Ligne de temps

Semis à peine démarrés

Mardi matin, à Sainte-Madeleine, près de Saint-Hyacinthe. Les semoirs au champ soulèvent un peu de poussière. Les conditions sont parfaites, affirme le producteur René-Carl Martin. « On sème le plus qu’on peut aujourd’hui, en espérant qu’il pleuve le plus tard possible. »

René-Carl Martin fait partie des producteurs « chanceux » qui ont pu débuter leurs semis ce lundi, 12 mai, avec environ deux semaines de retard sur ce qui serait considéré une année idéale.

Ailleurs en Montérégie, de nombreux producteurs n’ont pratiquement rien semé, rapporte Gilbert Brault, agronome chez Semences Pride. « La terre est trop humide et trop froide, dit-il. Les conditions actuelles n’assèchent pas assez le sol et le temps est plus froid que la normale. »

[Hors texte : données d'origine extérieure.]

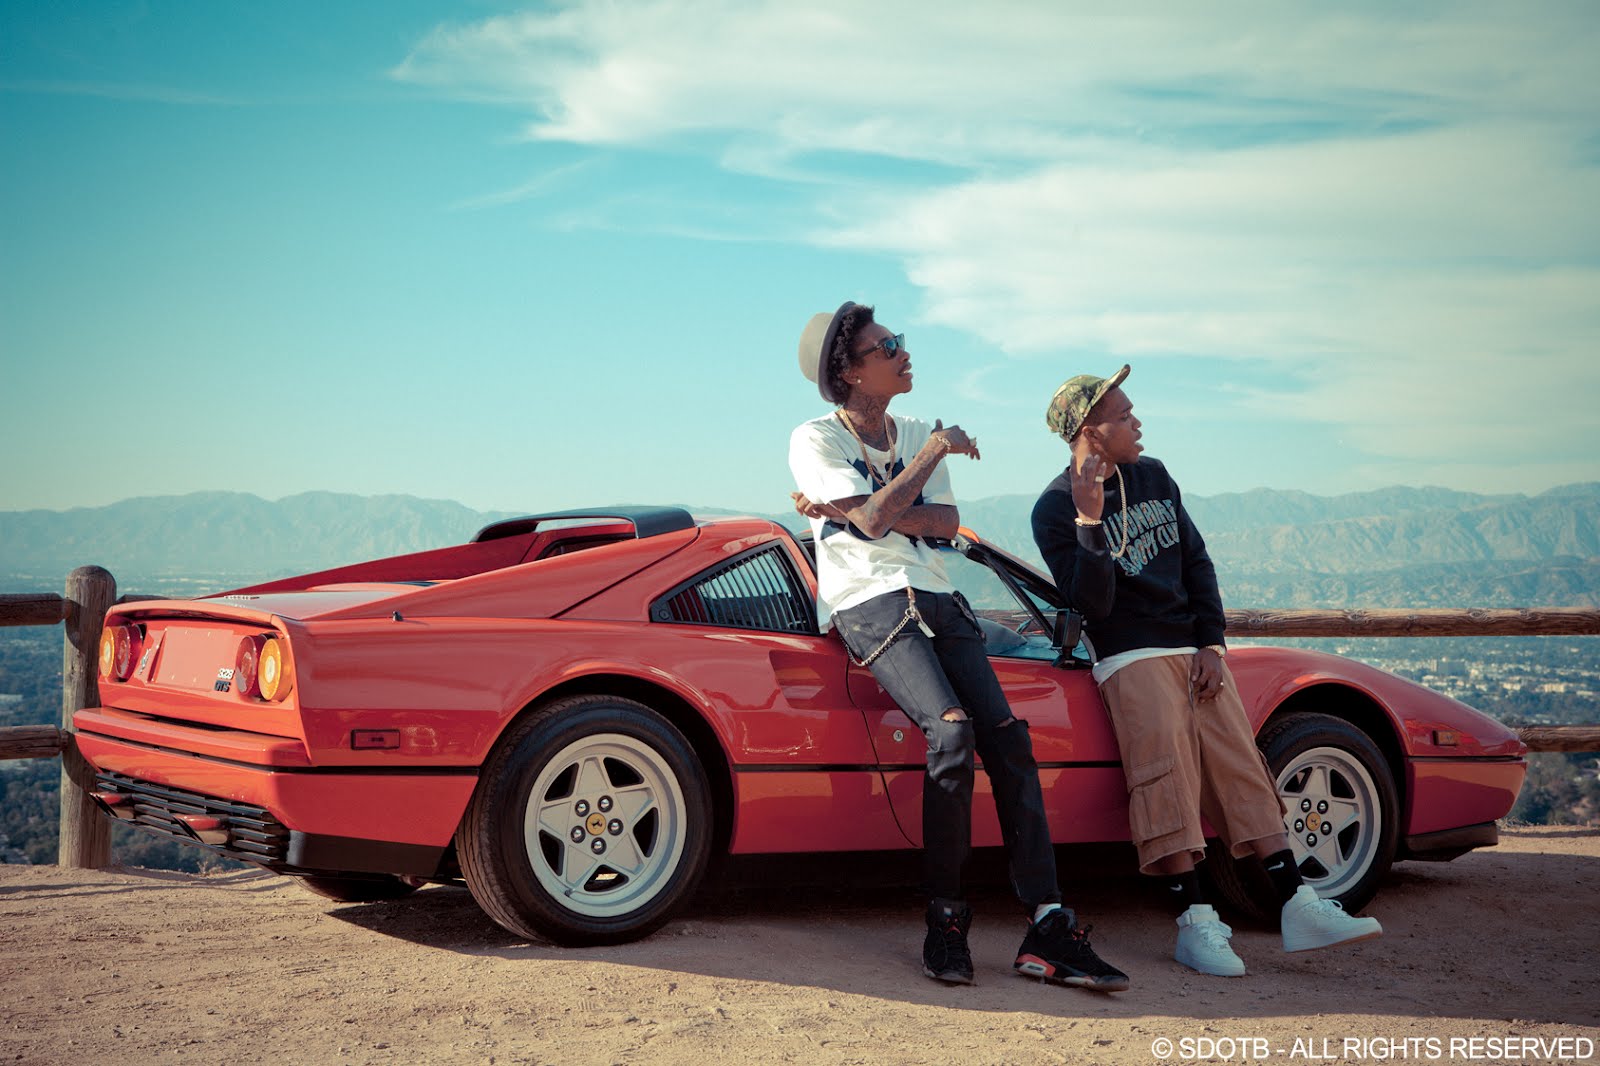 Curren$y & Wiz Khalifa Bring Us The Track "Situations"

Dans d’autres régions, les producteurs ont un peu plus de chance. Les semis de maïs et de soya seraient de 20 à 25 % complétés dans certains secteurs de Lanaudière et des Cantons-de-l’Est, selon Gilbert Brault. « En Montérégie, il n’y a même pas 3 % du maïs qui est semé. Il y a même des producteurs qui ont annulé leurs céréales de printemps, à défaut d’avoir pu les semer assez tôt. »

« Nous sommes vraiment assujettis à dame Nature, souligne René-Carl Martin. C’est hors de notre contrôle. C’est dommage, parce que c’est de l’argent qu’on perd. Après le 10 mai, dans le maïs, on perd 1 % de notre rendement chaque jour. »

 

Changer de maturité
Avec le temps pluvieux prévu au cours des prochains jours et même la semaine prochaine, la situation pourrait devenir très stressante pour les producteurs. Au 20 mai, on peut s’attendre à ce que des superficies prévues pour le maïs changent pour le soya. De nombreux producteurs auront déjà décidé de changer une partie de leurs semences de maïs pour des variétés plus hâtives.

« Depuis deux ou trois ans, nous avons de très belles saisons, alors nous avons tendance à être optimistes sur les unités thermiques, souligne Gilbert Brault. Cette année, il faut être réaliste : on ne s’enligne pas du tout pour avoir un cumul des unités thermiques au-dessus de la moyenne! »

Chez Pride, les stocks de semences de maïs plus hâtives devraient être suffisants, estime Gilbert Brault. Cependant, les producteurs qui échangeront leurs hybrides tardifs pour des variétés de 200 ou 300 UTM inférieures devront s’en remettre à des hybrides qu’ils n’ont jamais essayés sur leurs terres.